Identifying suitable features that characterize different emotions is an important process for developing a speech emotion recognition (SER) system [11]. Altrov et al. [12] identified the power of verbal communication and civilization on the accepting of language emotions. An effective discussion mainly depends on how we communicate our own emotions, how we recognize those of others, and how sufficient our reaction is to their emotions. Cowie et al. [13,14] illustrated that emotions have an essential role in our lives since they are typically present in everyday communication. Park and Sim [15] showed emotion detection by DRNN. Their paper found that pitch was a significant component in the identification of emotion. Therefore the basic accurate detection acoustical features [16,17] were analyzed for speech sound with emotion. The study of event-related potentials (ERPs) is recognized as a useful technique for exploring intelligent mechanisms of processing emotional speech [18]. Tao et al. [19] attempts to create exciting dialogue via “strong,” “average,” and “weak” classifications using various models like a linear modification model (LMM), a Gaussian mixture model (GMM), a classification and regression tree model (CART). Kang and Li [19] analyzed neutral-emotional speech by using prosody conversion. In 2010, Wu et al. [20] presented an advance to hierarchical prosody translation for an exciting language mixture. Jia et al. [21] adopted “Emotional Audio Visual Speech Synthesis Based on PAD,” while Dey and Ashour [22, 23] discussed arrival estimation of localized multispeech sources. An emotional text-to-speech system [24] is required for emotion-based speech recognition. Neural networks [2527] have exhibited remarkable success to link the responsive space in communication signals. The direction of speech resources on a localized level has been eminently described by Dey and Ashour [2830]. least squares regression [31] is one of the noted methods for speech emotion recognition. An ideal scientific SER system would be one that can develop real life and loud talking to recognize different state of emotions. In this paper, we have attempted to classify the recurrent dynamics of two different emotions, namely anger and normal, with the help of recurrence plot, phase space plot, and recurrence based parameters. The investigation was performed in both noise-free and on noisy environment to establish the suitability of the proposed method.

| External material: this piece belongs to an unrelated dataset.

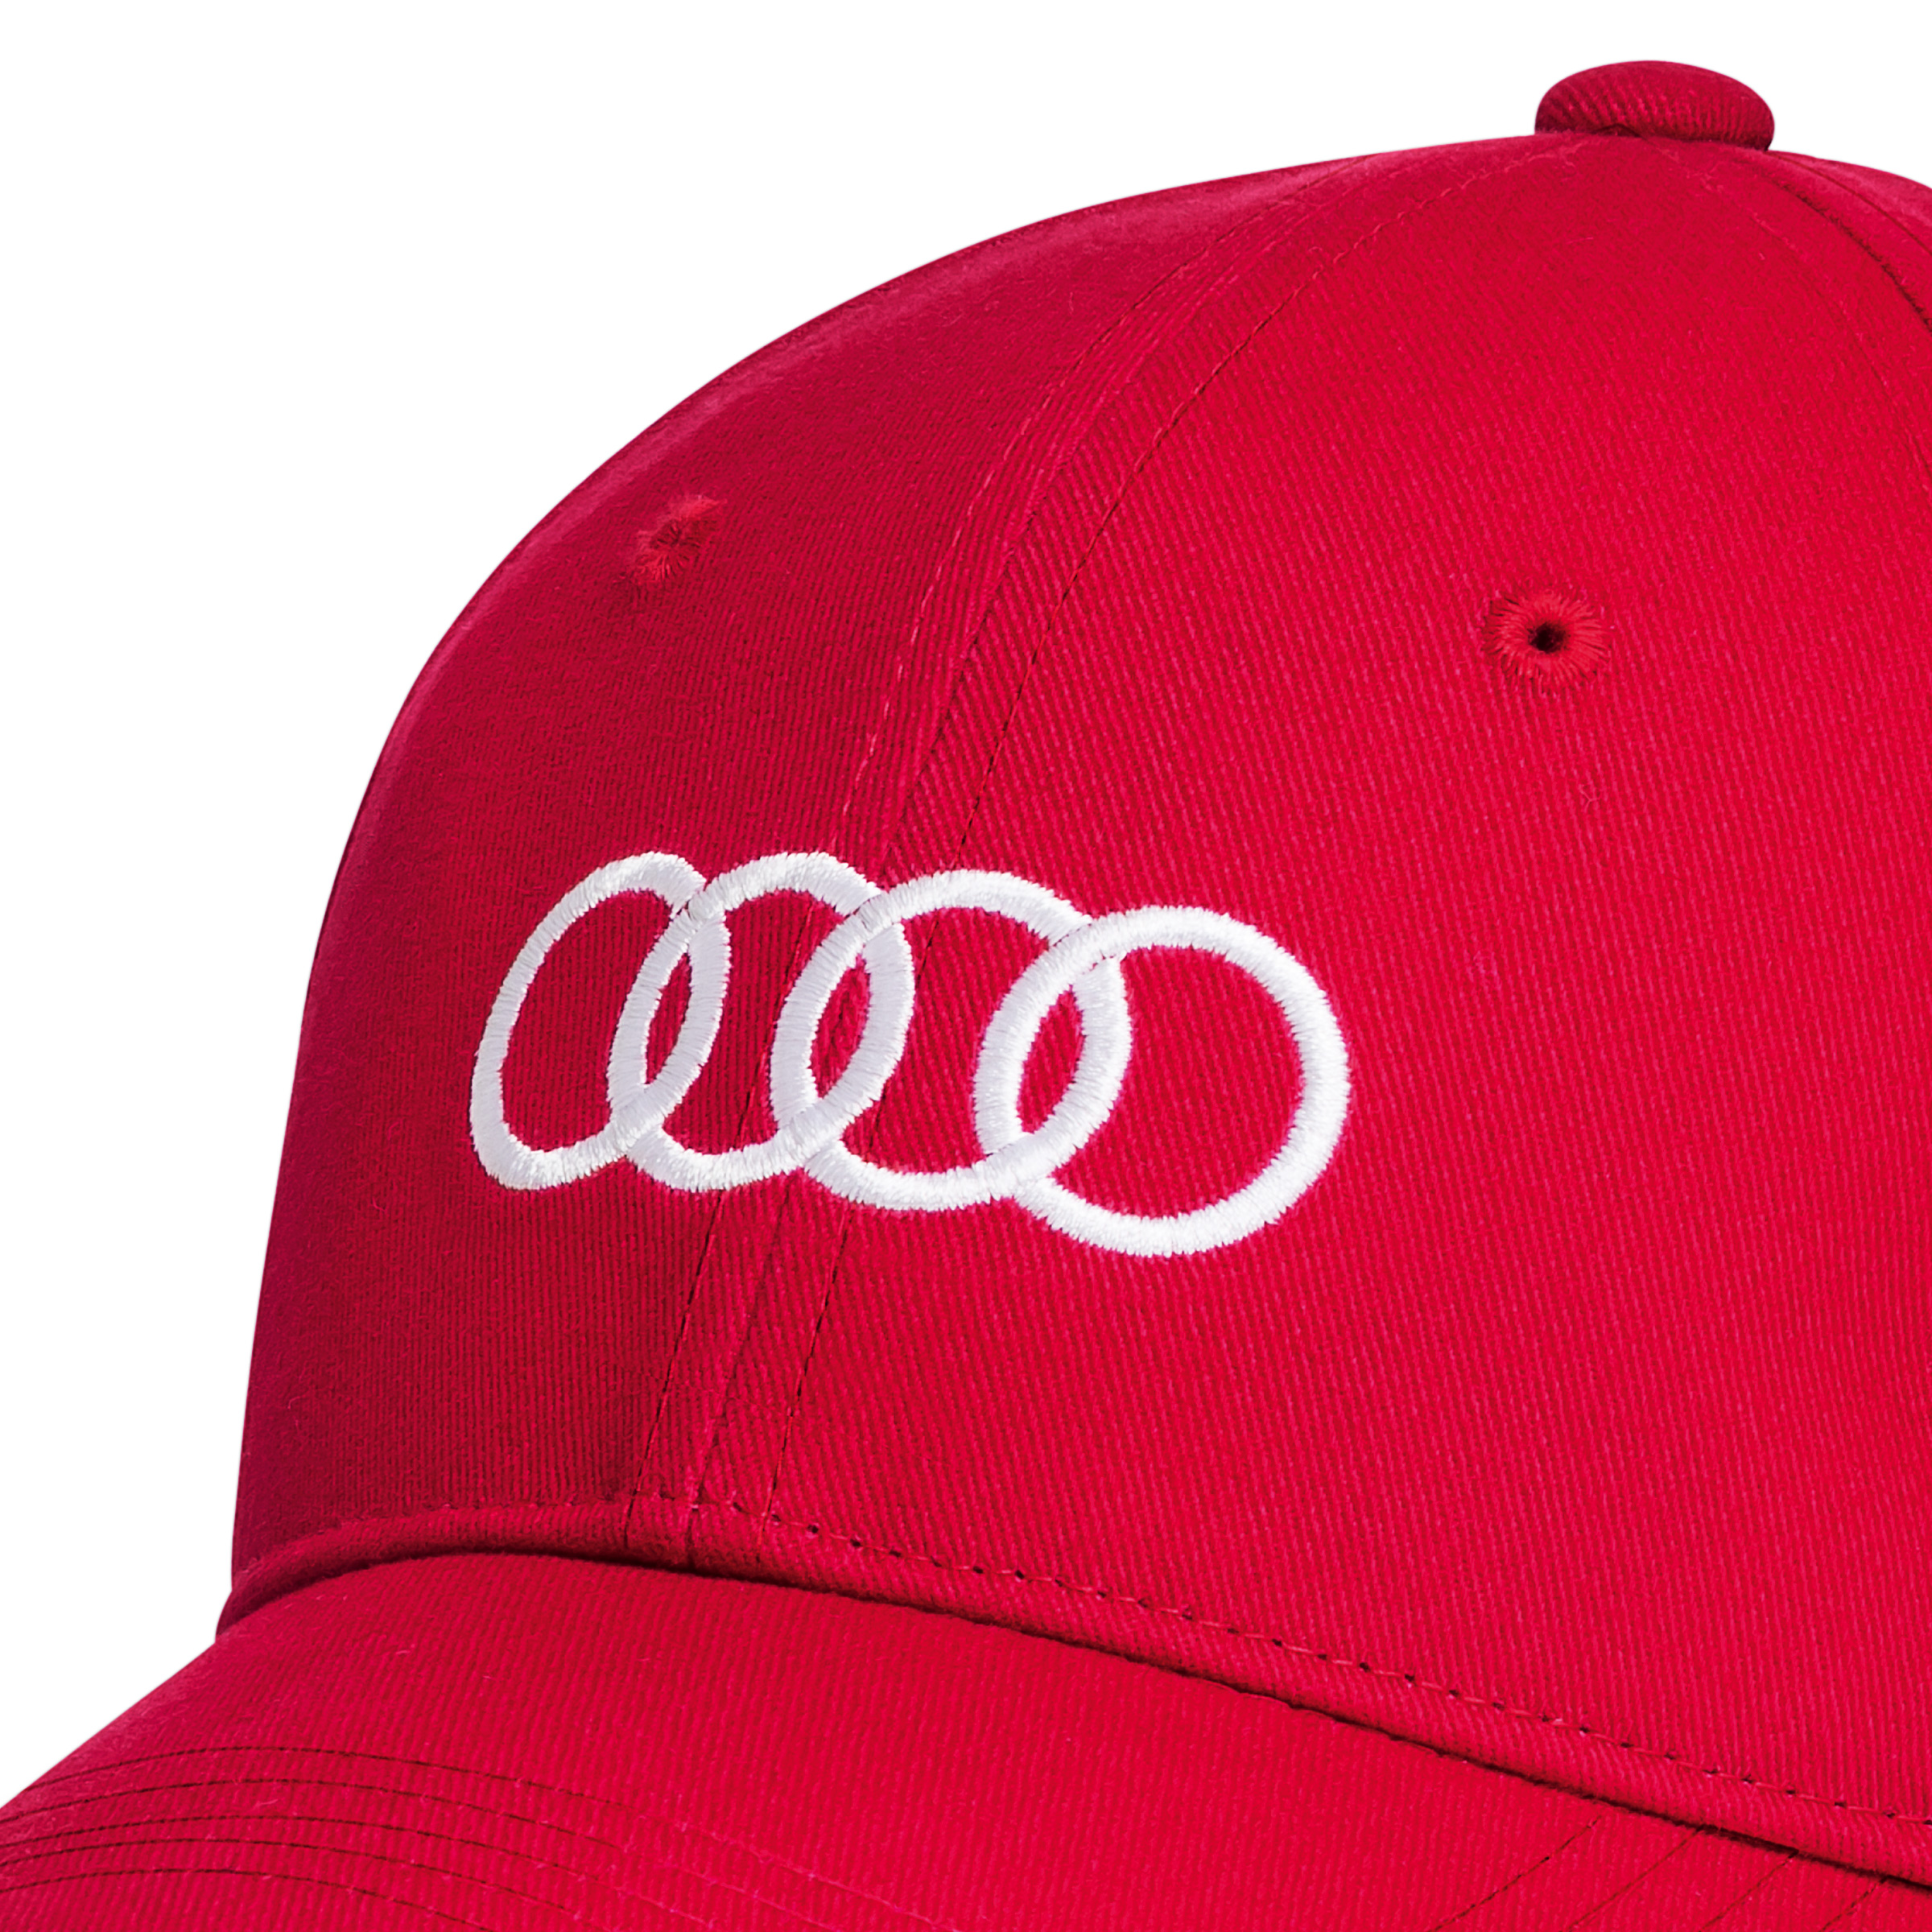 Original Audi Cap Baseballkappe Baseballcap Basecap Mütze rot

8.2 Data Collection and Processing

A healthy male volunteer (age 23 years old) was asked to participate in the study. He was informed about the details of the study, and a written consent to participate was obtained. Two types of speech signals were acquired from the volunteer using microphone Behringer C-1U, when he uttered eight different sentences (in the Bengali language) in angry and normal emotion. In order to process the speech signals, the sampling frequency was taken as 16 KHz in using Audacity version 1.3.6. in the Electronics and Communication Engineering Department, Narula Institute of Technology, Agarpara, Kolkata.

8.3 Research Methodology

Phase space approach was used to investigate the nonlinear properties of the speech signals. A phase space was reconstructed for each speech signal with appropriate time delay and proper embedding measurement.

8.3.1 Phase Space Reconstruction

The condition of a dynamical method is able to be illustrated in a space called phase space. A phase space is a multidimensional space, in which every point correlates with one state of the dynamical system [32]. The path traced by the phase space diagram of a system over time describes its evolution from an initial state. This is known as phase space trajectory.

The basic problem is that the information about all the variables governing the system is usually not obtained from its time series. Most of the time the series is single valued. Although numerous concurrent measurements can be performed; they may not coat each degree of freedom of the arrangement. Though the use of the time-delay embedding theorem [33] allows the recovery of lost information, and it becomes possible to construct the phase space diagram of a scheme from its period sequence. This method of phase space reconstruction requires the determination of the principles of suitable time delay τ and proper embedding measurement m.

Determining the most favorable value of time delay τ for the phase space reformation, for any time series {x(t)}t = 1N at a given state x(t), τ is one of the proper values of time delay, which divulges utmost novel information through dimension at x(t + τ). The auto mutual information (AMI) technique [34] is usually adapted the proper value of τ. The AMI of a time series for a given τ is calculated using Eq. (8.1) [35]. The optimal value of τ is that one for which AMI(τ) reaches its first minimum [34].

AMIτ=t=1NτPxtxt+τlogPxtxt+τPxtPxt+τ

si1_e  (8.1)

where τ = [1, 2, …, N − 1] and P[ ] denotes the probability.

Embedding dimension is a measure of the least element of the phase space of the reconstructed characteristic of a dynamical system [36, 37]. Kennel et al. [38] have anticipated the method of false nearest neighbor (FNN) to determine the minimum satisfactory embedding dimension m. The FNN algorithm can be described as follows.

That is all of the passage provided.